**Work order:**
Would you retype exactly the lines below, starting with the one that has "人母手抓住白色盒子穿过撕破的粉红色纸简约创意理念礼品运输撕破" and going on through the one that has "Peaceful Hooligan Hoodies", with no pictures and nothing else?

**Dataset excerpts:**
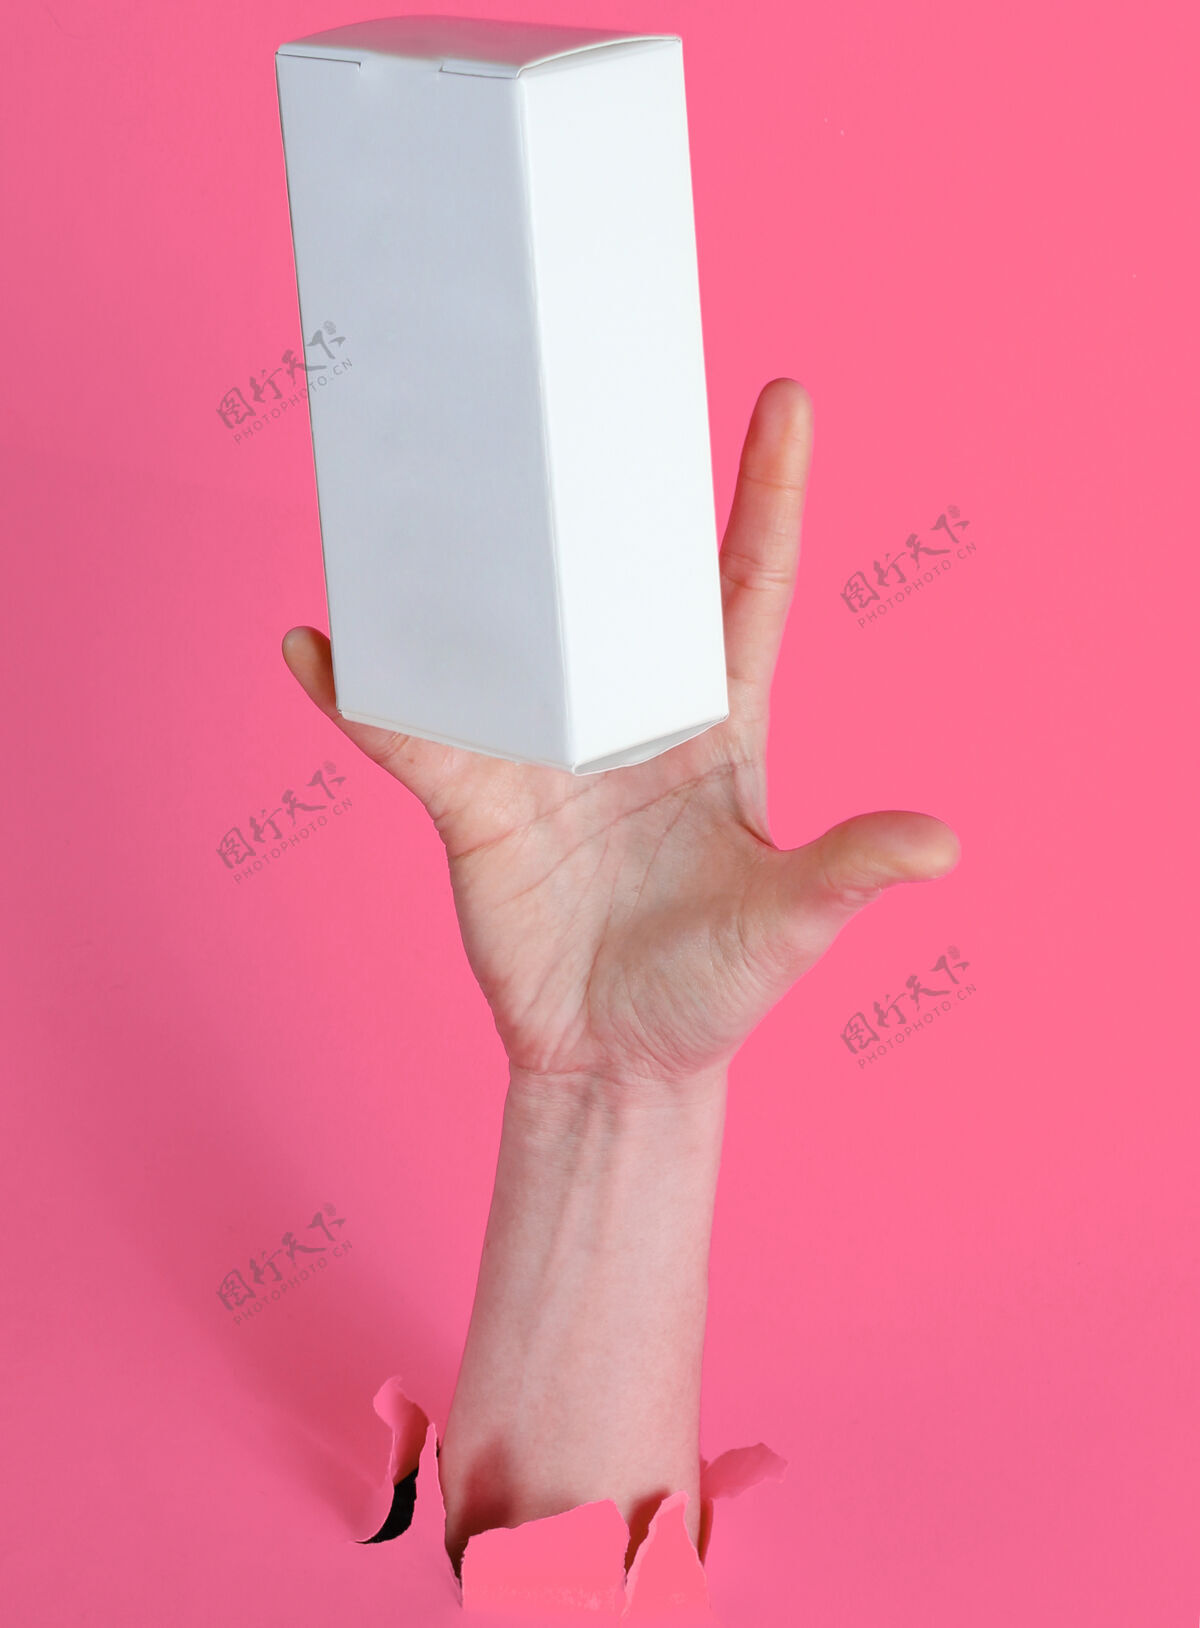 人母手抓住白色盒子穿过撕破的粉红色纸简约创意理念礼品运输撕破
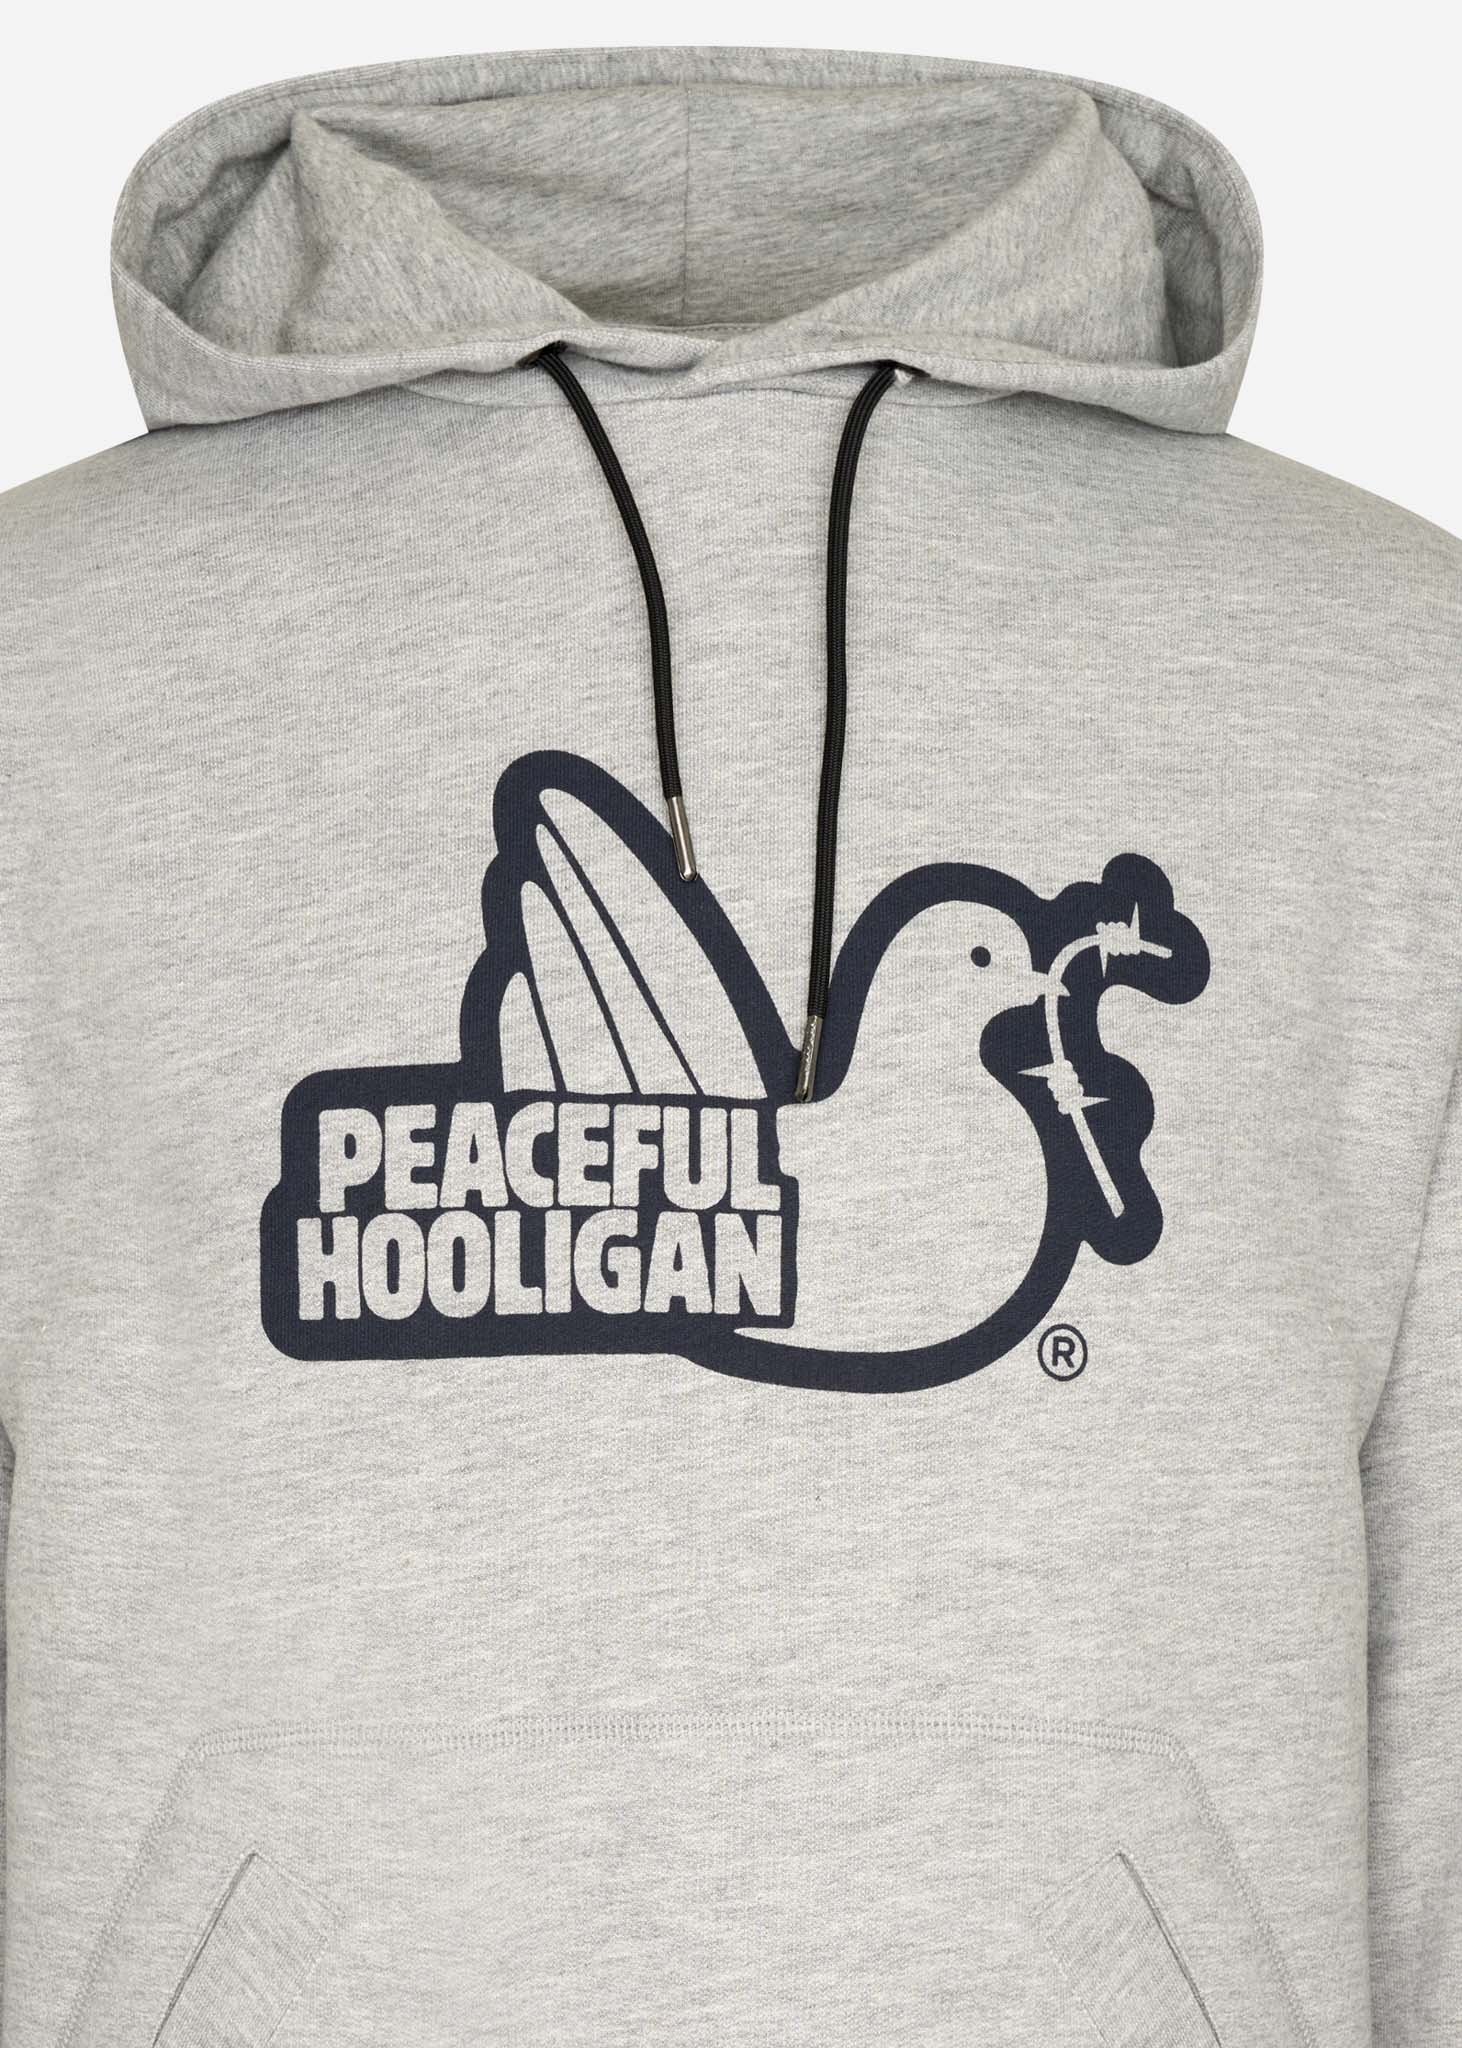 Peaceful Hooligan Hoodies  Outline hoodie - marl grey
---
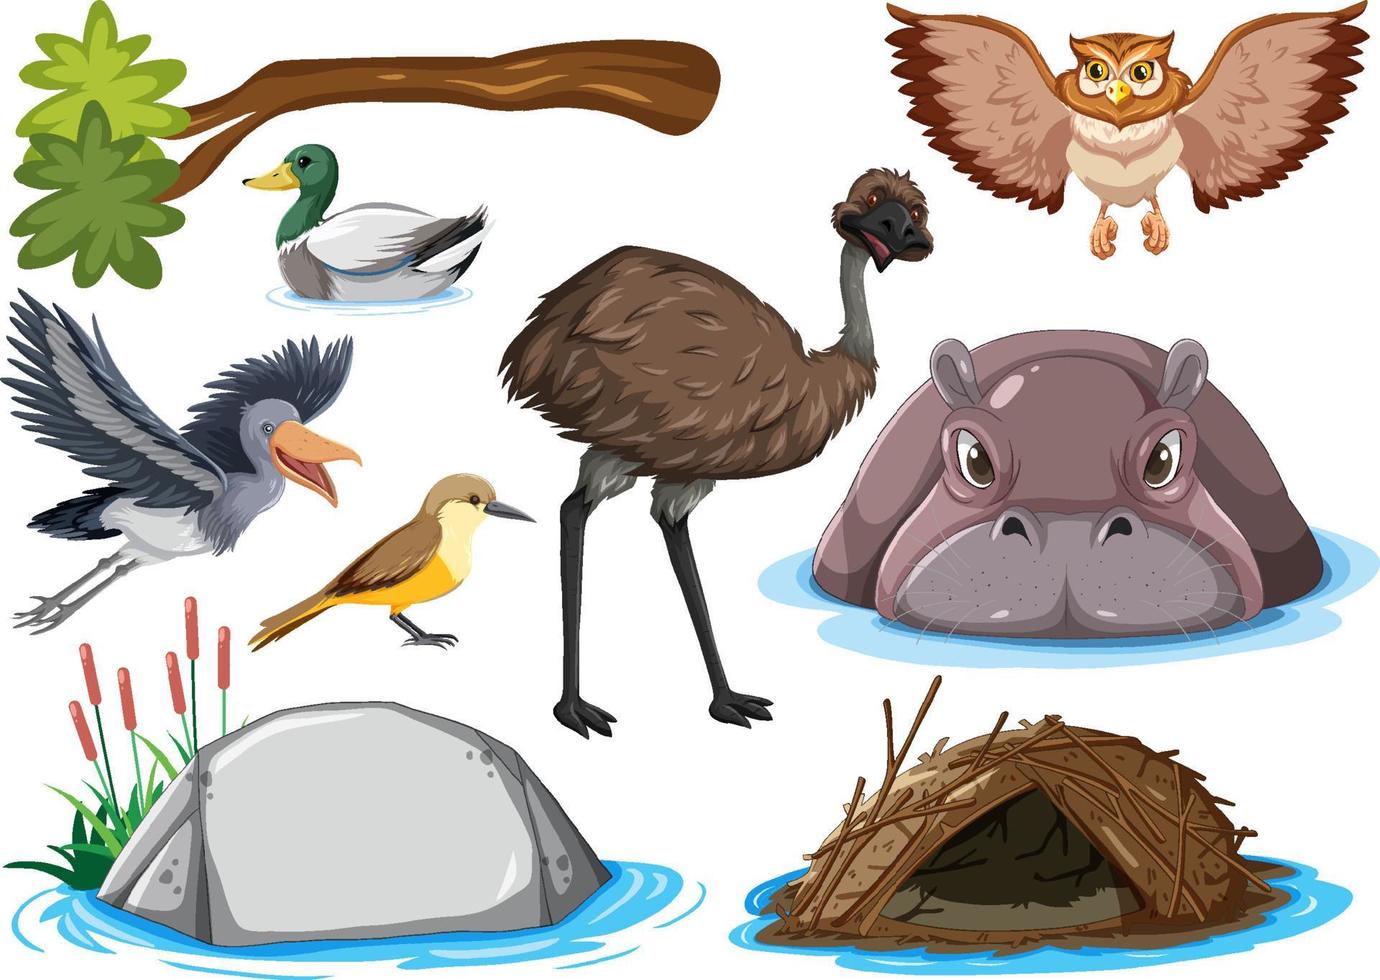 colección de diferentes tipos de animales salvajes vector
==
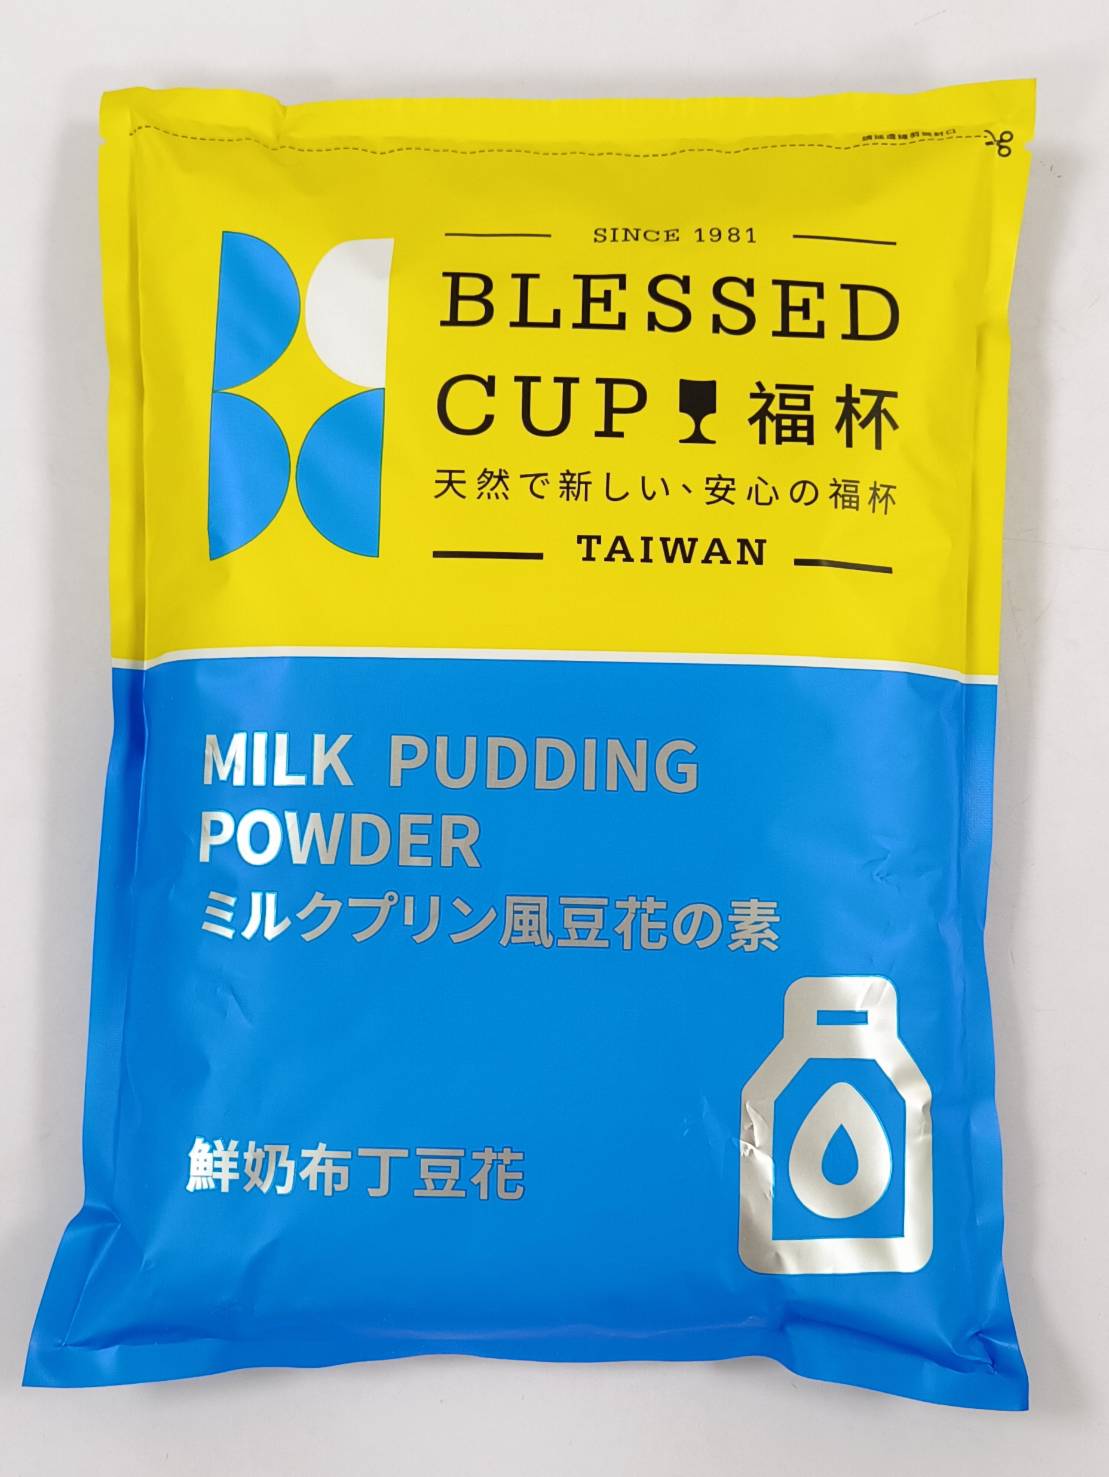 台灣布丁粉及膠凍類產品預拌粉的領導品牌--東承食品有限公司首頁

**Exercise response:**
 人母手抓住白色盒子穿过撕破的粉红色纸简约创意理念礼品运输撕破
 Peaceful Hooligan Hoodies  Outline hoodie - marl grey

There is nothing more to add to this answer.